■ Task brief ■
Type out the whole listing again exactly, pictures omitted.

■ Information provided ■
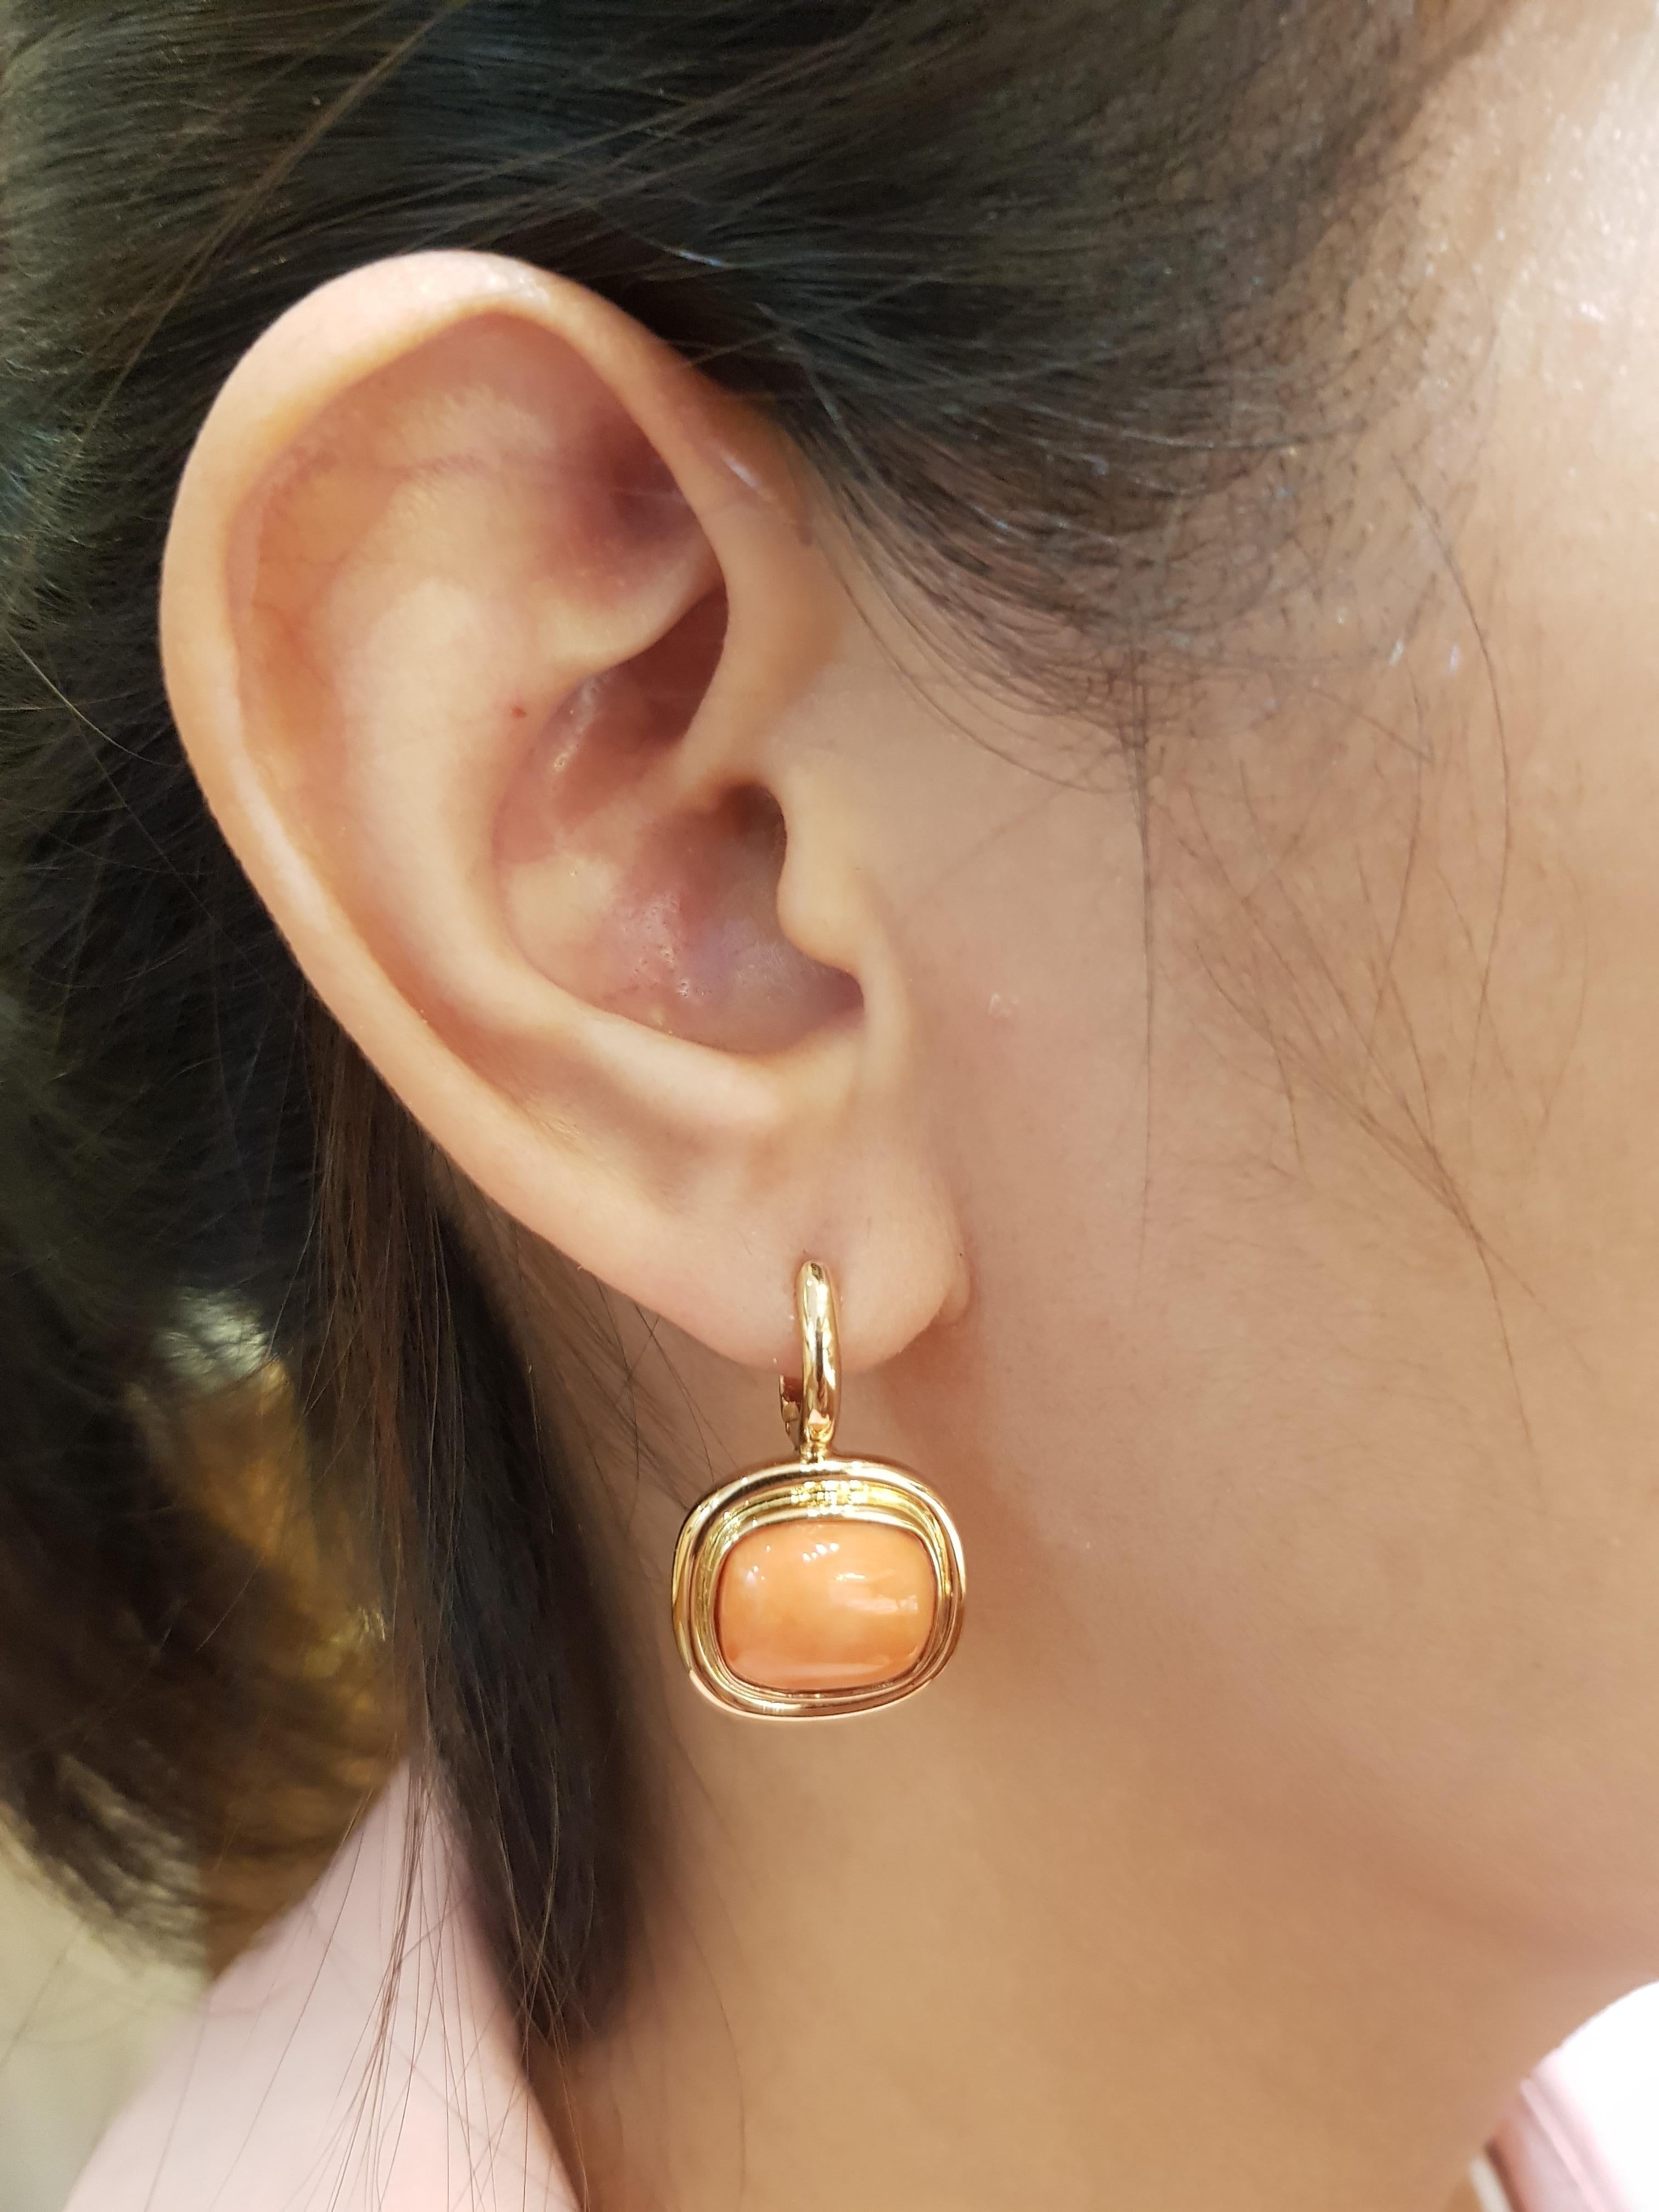 Coral 9.90 carat Earrings set in 18 Karat Rose Gold Settings

Width:  1.7 cm 
Length:  2.8 cm
Total Weight: 10.46 grams

■ Solution to the problem ■
 Coral 9.90 carat Earrings set in 18 Karat Rose Gold Settings

Width:  1.7 cm 
Length:  2.8 cm
Total Weight: 10.46 grams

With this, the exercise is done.